**WHAT THE TASK REQUIRES**
Copy out all of the data word for word. Omit every picture.

**DATA SEGMENT**
◇ ◇ ◇ ◇
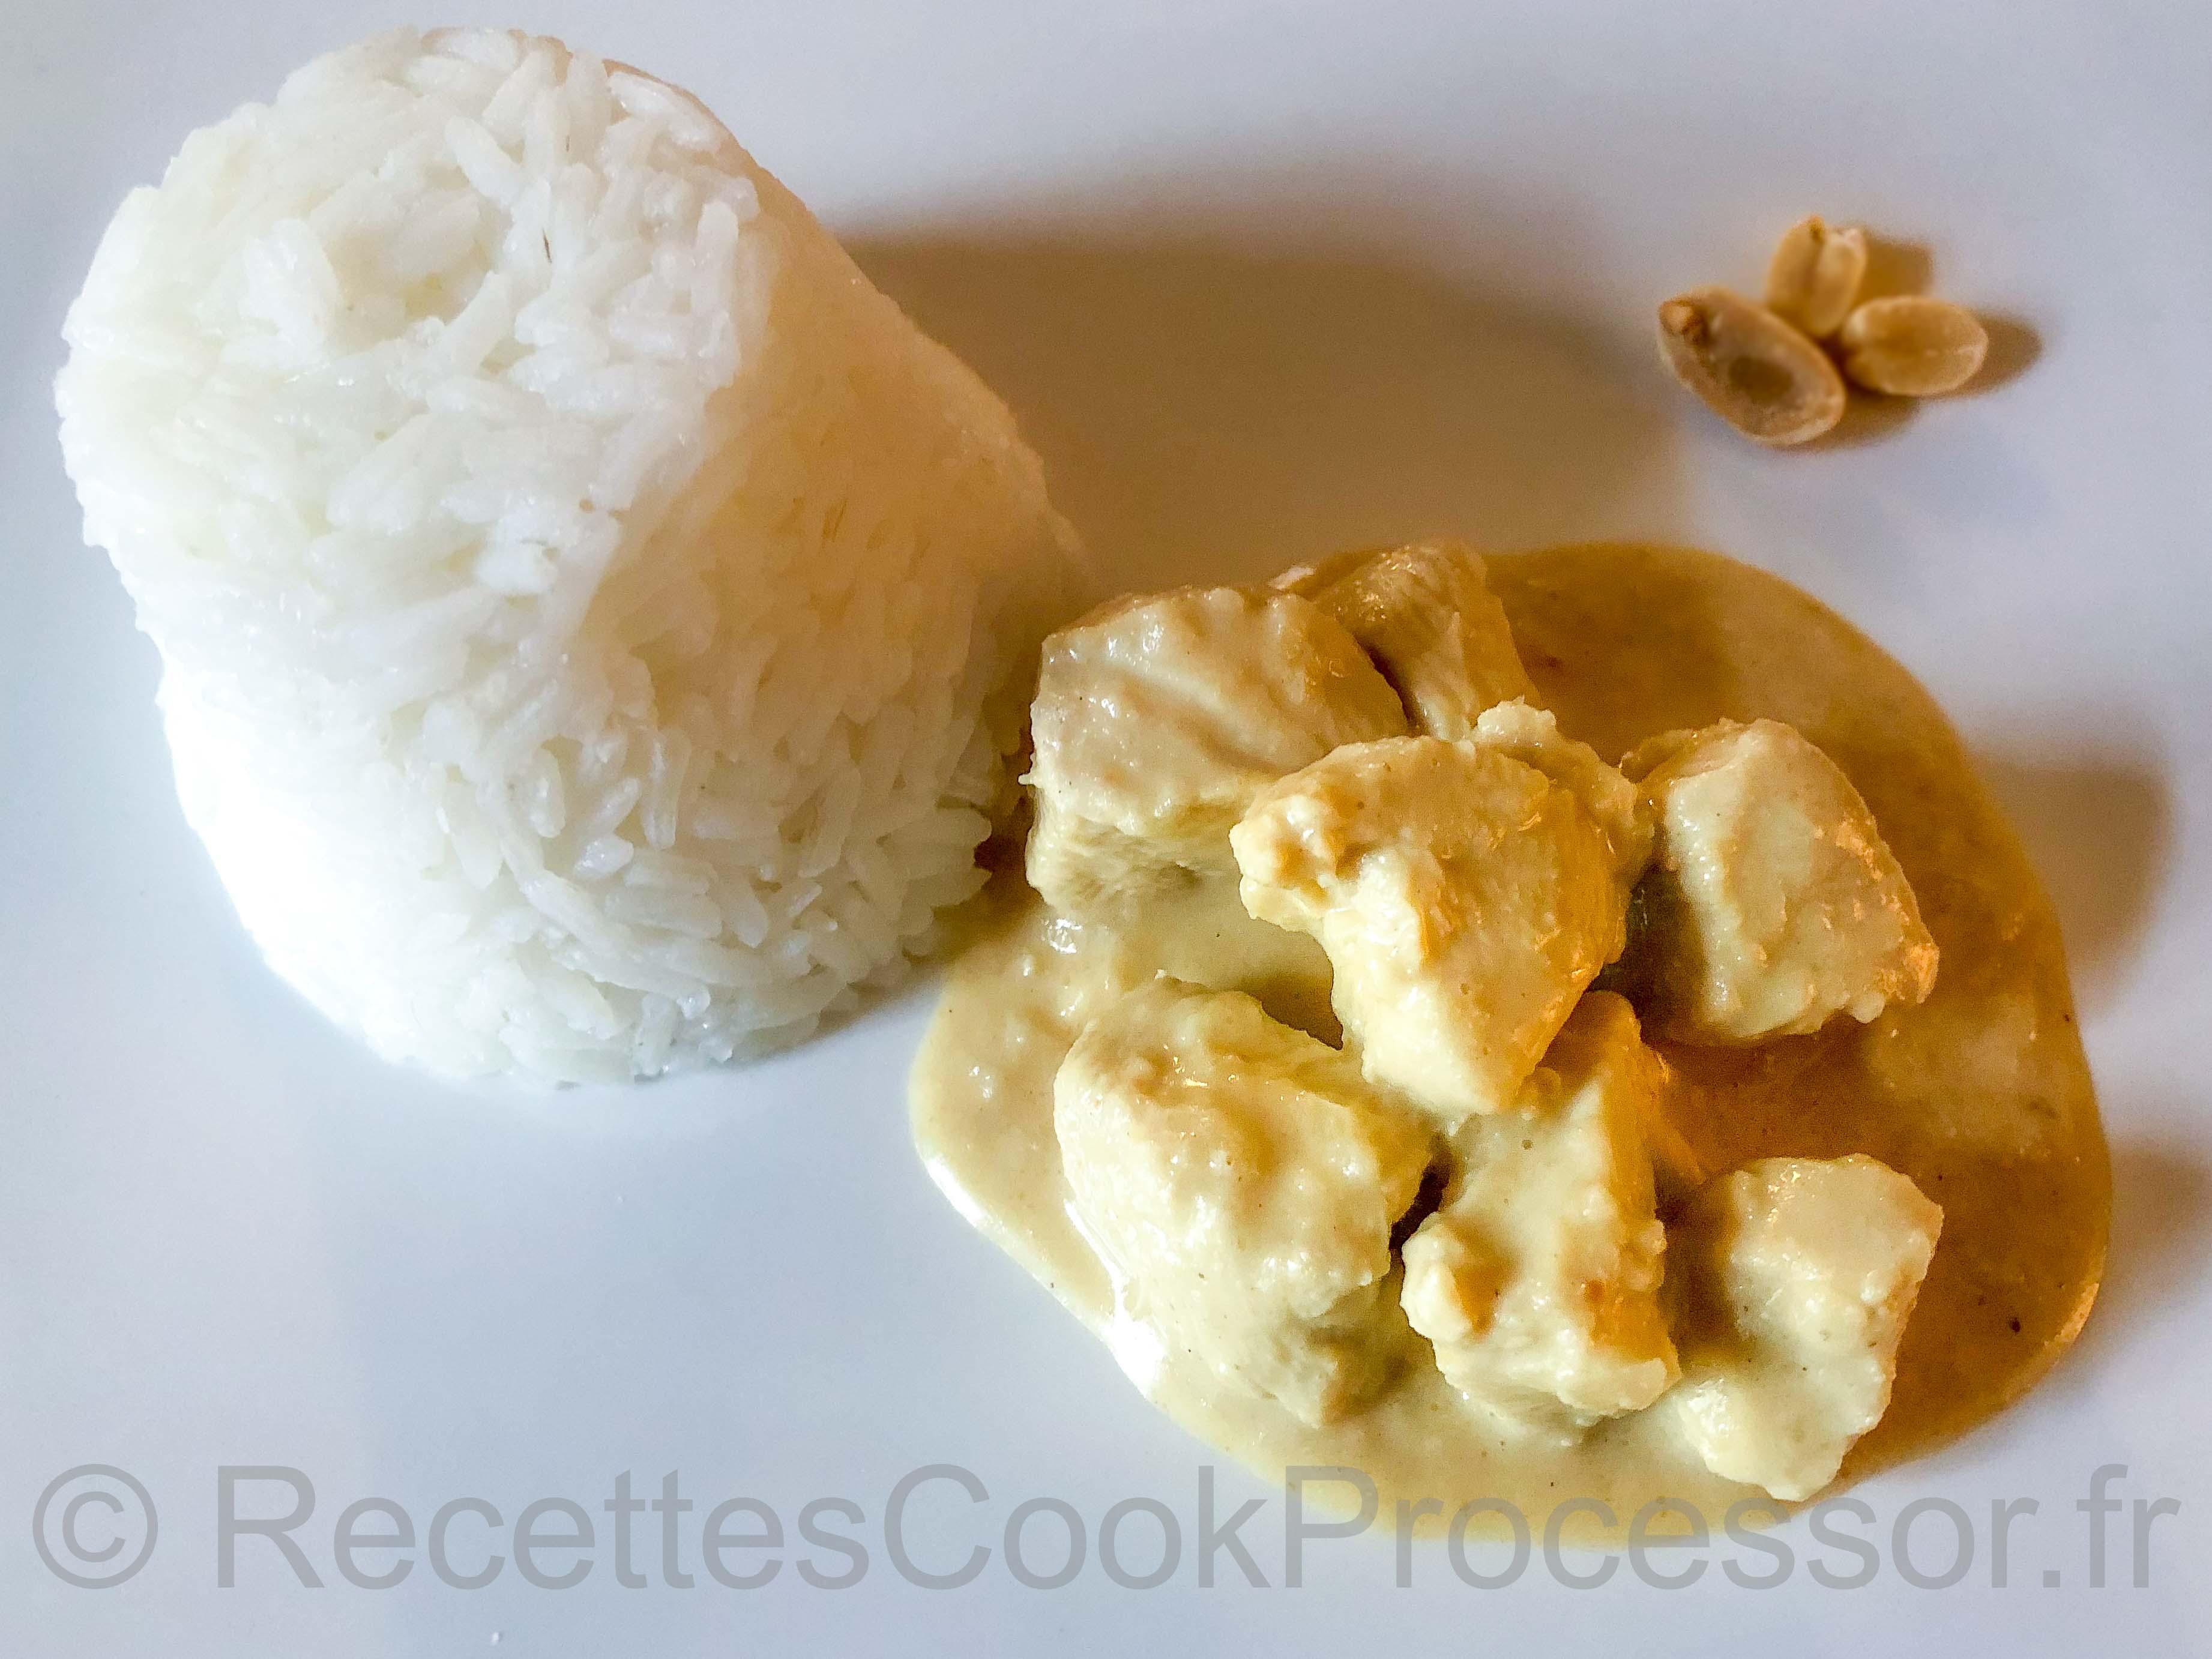 Poulet aux cacahuètes
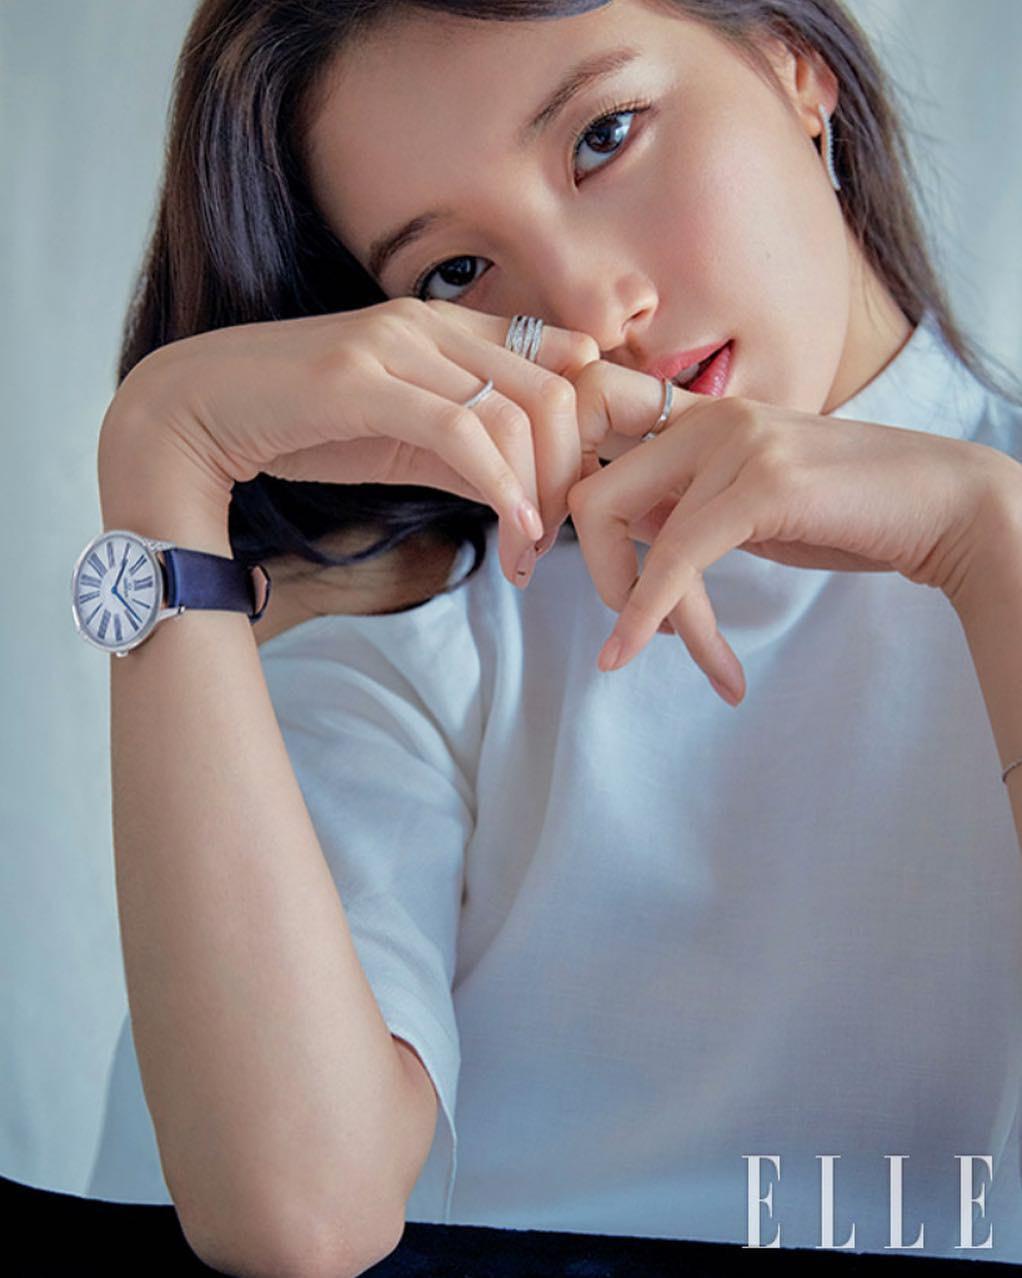 Top 10 mỹ nhân đẹp nhất Hàn Quốc theo chuyên gia thẩm mỹ: Toàn tượng đài, duy nhất 1 idol lọt top! - Ảnh 22.
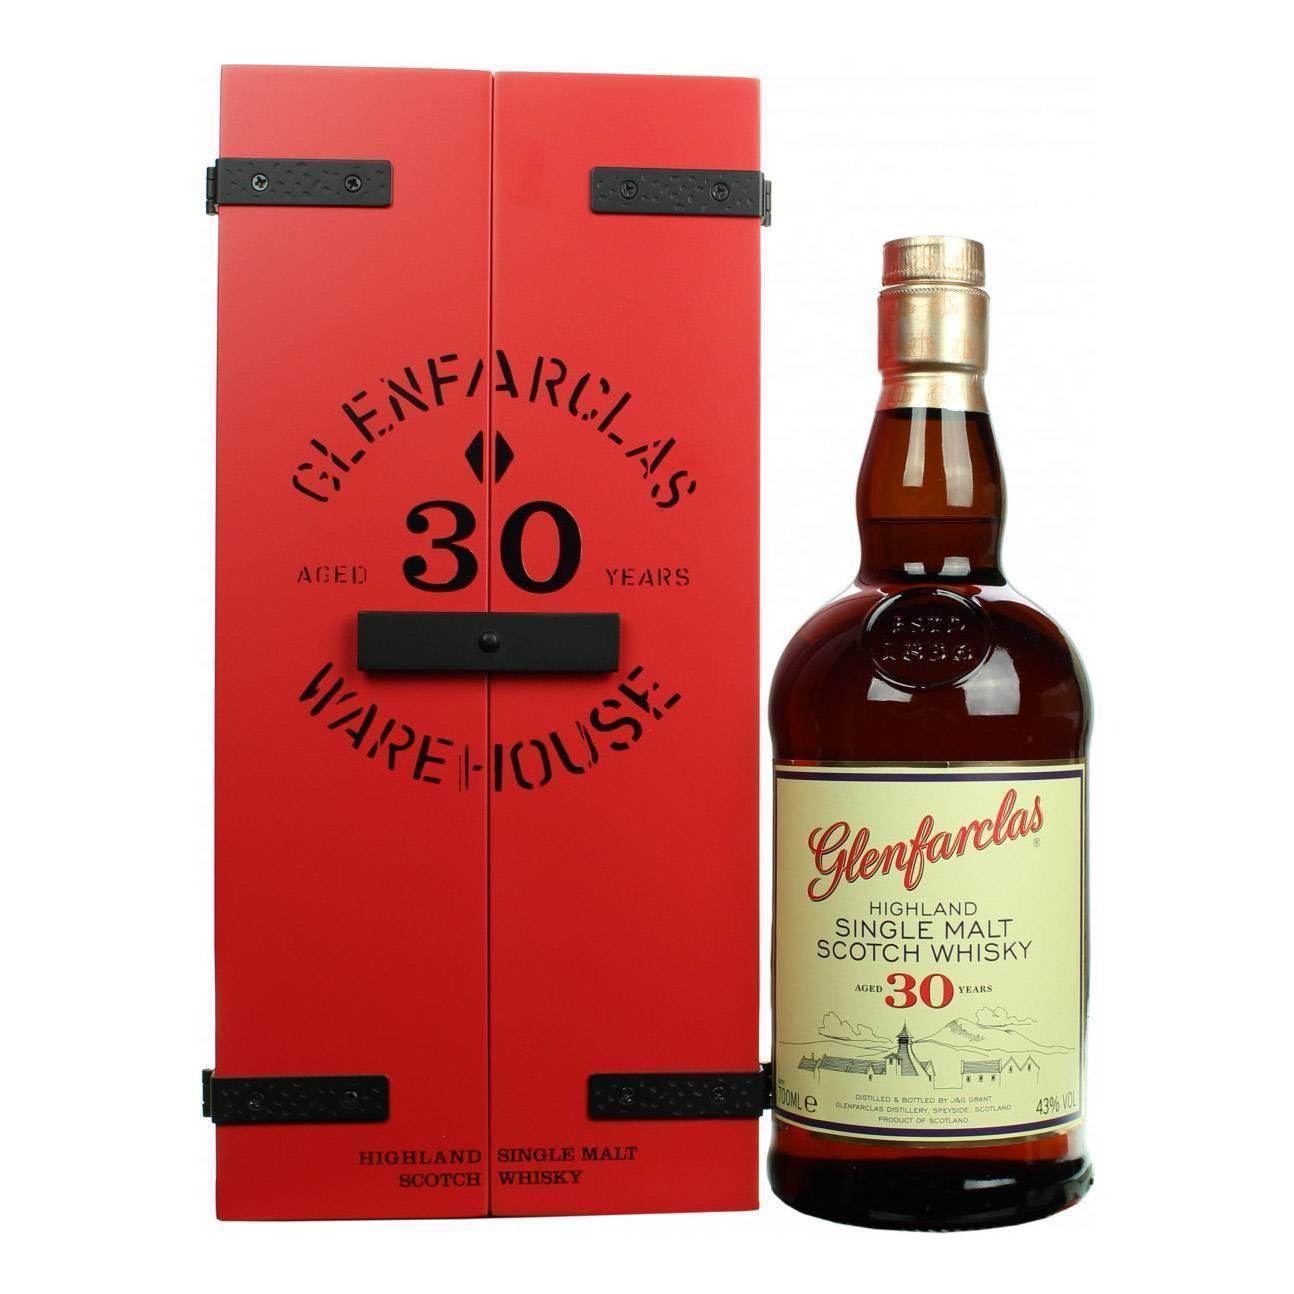 Виски гленфарклас (glenfarclas): описание и виды марки
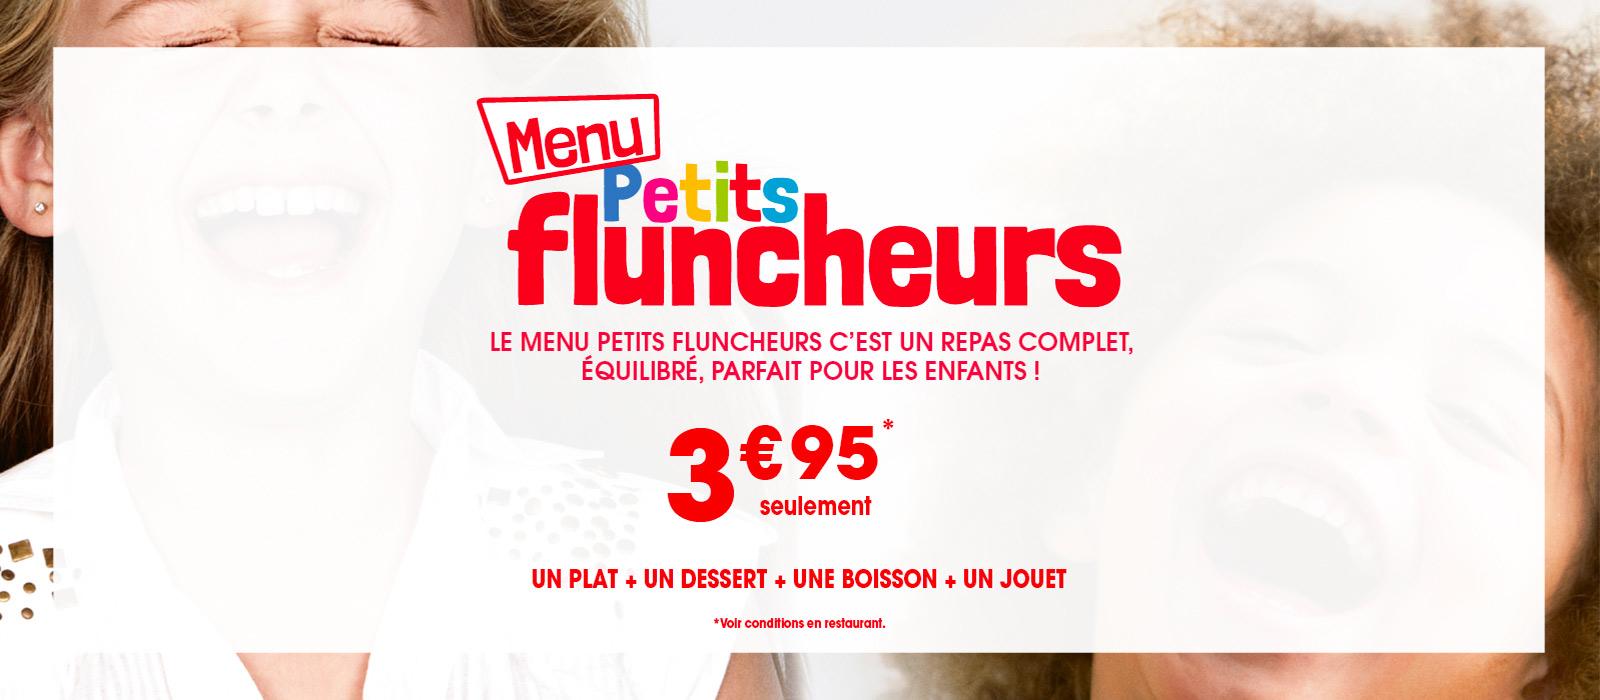 menu enfant flunch
◇ ◇ ◇ ◇
**TASK SOLUTION**
 Poulet aux cacahuètes
 Top 10 mỹ nhân đẹp nhất Hàn Quốc theo chuyên gia thẩm mỹ: Toàn tượng đài, duy nhất 1 idol lọt top! - Ảnh 22.
 Виски гленфарклас (glenfarclas): описание и виды марки
 menu enfant flunch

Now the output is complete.